Ее ответ, также шепотом, был короток:
— Ждать.
2
Открытие, что маска стала, кажется, частью его лица, испугало Нормана, но, прежде чем страх успел перерасти в отчаяние, он увидел неподалеку какой-то предмет, который напрочь отвлек его от проблемы с маской. Он быстро спустился чуть-чуть вниз по склону, встал на колени, поднял с земли свитер, осмотрел его и отшвырнул в сторону. Потом поднял куртку. Точно, эта куртка была на ней. Мотоциклетная. У парня был мотор, и она каталась с ним, наверное, обнимая ляжками его задницу. Куртка слишком велика для нее, подумал он. Это он одолжил ей. Мысль разъярила его, и он плюнул на куртку, прежде чем отшвырнуть ее прочь, потом вскочил на ноги и с бешенством огляделся вокруг.
— Ты, сука, — пробормотал он. — Лживая, вероломная сука.
— Норман! — донеслось из темноты, и у него на мгновение перехватило дыхание в глотке…
«Близко, — подумал он. — Всемилостивый Боже, она близко, я думаю, она в этом здании».
Он замер, ожидая, не крикнет ли она еще раз. И спустя мгновение она крикнула:
— Норман, я здесь!
Его руки снова потянулись к маске, но на этот раз они не стаскивали ее, а гладили.
— Viva ze bool, — сказал Норман своей бычьей морде и двинулся вниз по склону холма, к руинам здания у его подножия. Ему казалось, он видит следы, ведущие в ту сторону, — по крайней мере, примятые стебли высокой травы, по которым могли пройтись чьи-то ноги, — но при лунном свете это трудно было утверждать наверняка.
Потом, словно в подтверждение правильности направления, вновь раздался сводящий с ума ее издевательский крик: «Я зде-е-есь, Норман!» — будто она ни капельки не боялась его; будто на самом деле она только и ждала, когда он доберется до нее. Сука!
— Стой, где стоишь, Роза, — сказал он. — Ты только стой там, подожди меня. — За пояс джинсов у него по-прежнему был заткнут полицейский револьвер, но теперь он в нем не нуждался. Он понятия не имел, есть ли смысл стрелять из револьвера в привидения, и у него не было ни малейшего желания пробовать. Он хотел поговорить со своей маленькой беглянкой Розой по душам, а револьвер этому только мешает.
— Норман, ты так глупо выглядишь в этой маске! Я больше не боюсь тебя, Норман!

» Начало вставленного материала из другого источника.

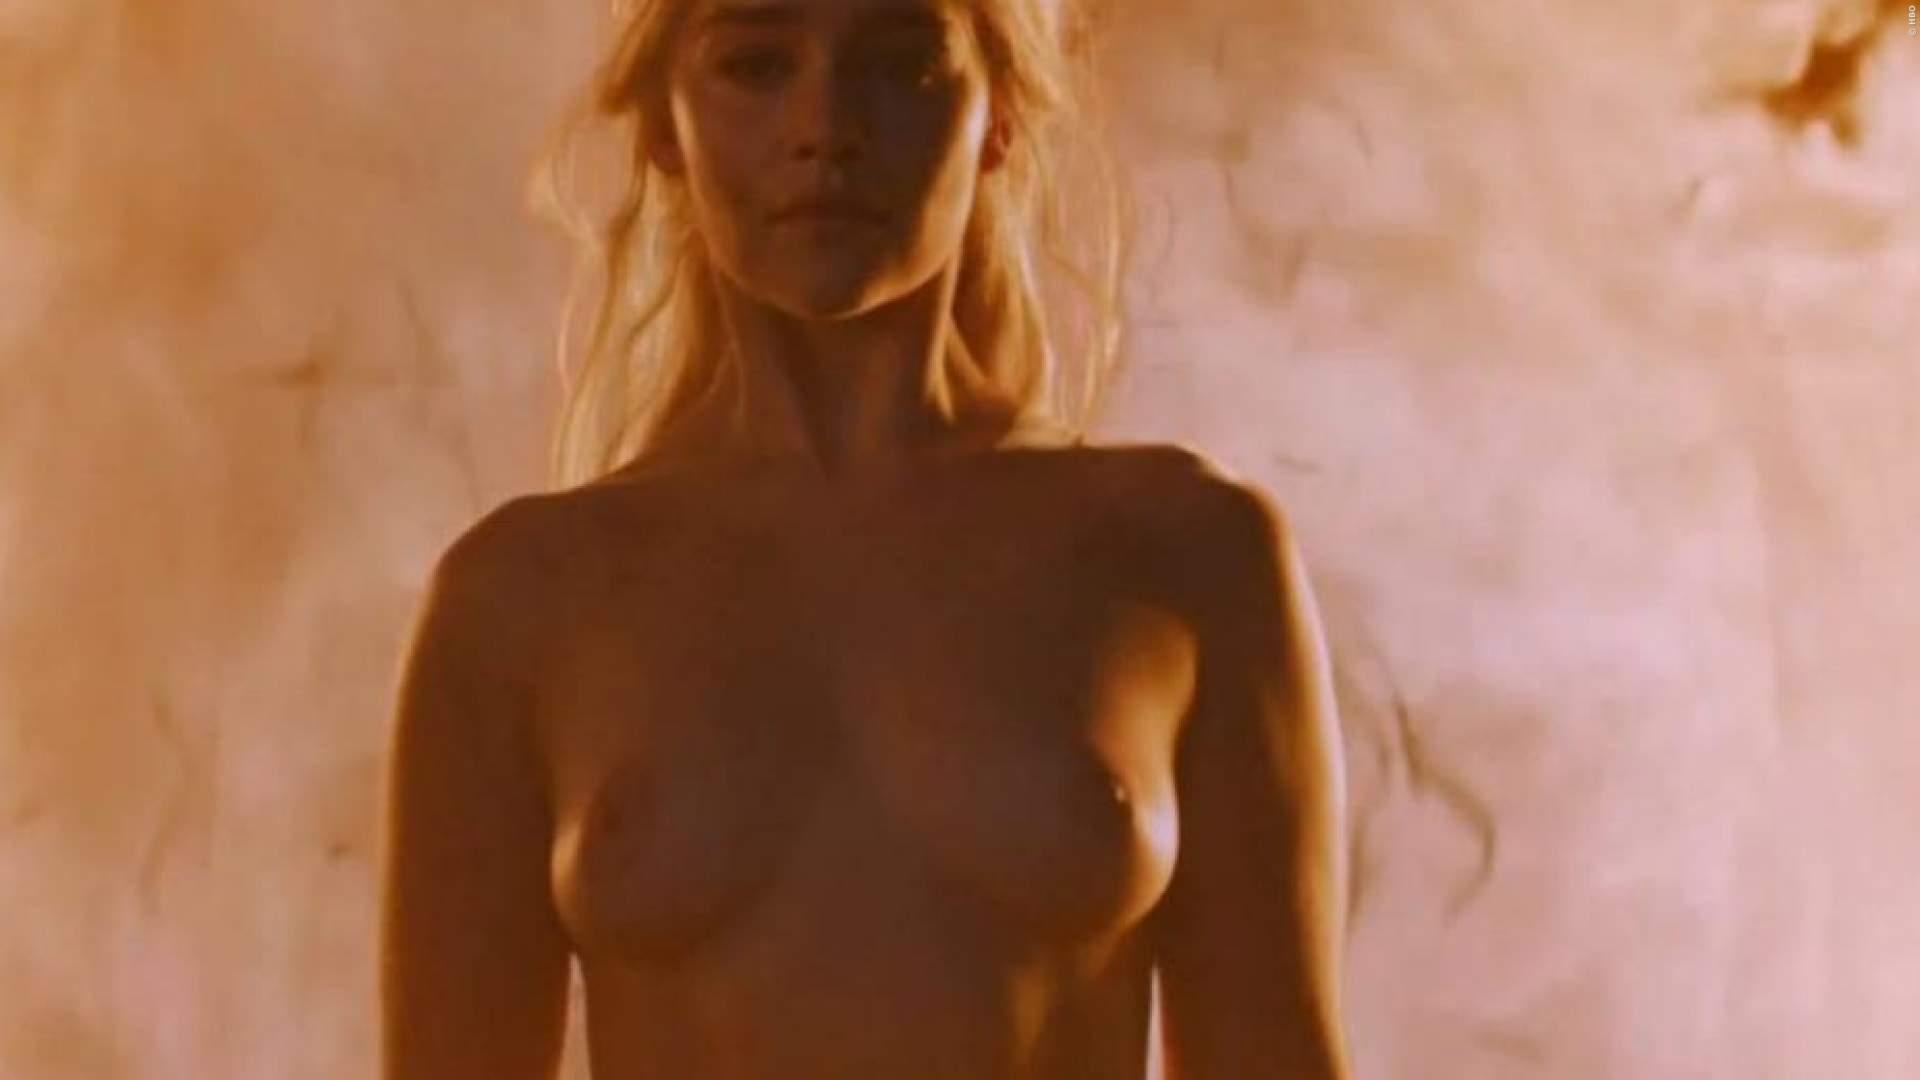 Top 30 Nacktszenen weiblicher Hollywoodstars - Bild 23 von 31

«Ты скоро узнаешь, что зря зарываешься, сука», — подумал он.
— Норман, ты кретин!
Хорошо, может, она и не в здании; она могла уже пройти через него и выйти с другой стороны. Это не имело значения. Если она думает, что сумеет уйти от него в открытом поле, то ее ожидает последний сюрприз в ее жизни.
— Какой же ты дурак!.. Ты и правда думаешь, что сумеешь достать меня? Тупой вол!
К нему вернулось хладнокровие, и он двинулся чуть правее, стараясь теперь не шуметь. Напоминал себе, что вовсе ни к чему вести себя — ха-ха — как бык в посудной лавке. Он остановился неподалеку от потрескавшихся ступенек, ведущих наверх, к храму, и осмотрел его. Теперь он видел храм, вроде одного из тех в греческих мифах, которые тамошние парни любили придумывать за кувшином вина. Здание выглядело явно заброшенным и развалившимся, но не ощущалось призрачным; от него веяло родным домом.
— Норрр-муннн… не хочешь поговори-и-ить со мной?
— О, я поговорю с тобой, — сказал он. — Я поговорю с тобой по душам, шлюха! — В высокой густой траве справа от ступенек его взгляд выхватил большую каменную голову с лицом, сосредоточенно уставившимся в небо. От Нормана до нее было пять шагов, и, сделав их, он пристально смотрел вниз, на это изваяние, секунд десять, желая убедиться, что зрение не обманывает его. Оно не обманывало. У огромной поверженной головы было лицо его отца, и его пустые глаза сверкали по-идиотски в лунном свете.
— Ба-а, это ты, старый сукин сын, — мягко сказал он. — Что ты тут делаешь?
Каменный отец не ответил ему, но ответила жена.
— Норрр-муннн… Какая же ты гребаная ленивая кляча, Норрр-муннн!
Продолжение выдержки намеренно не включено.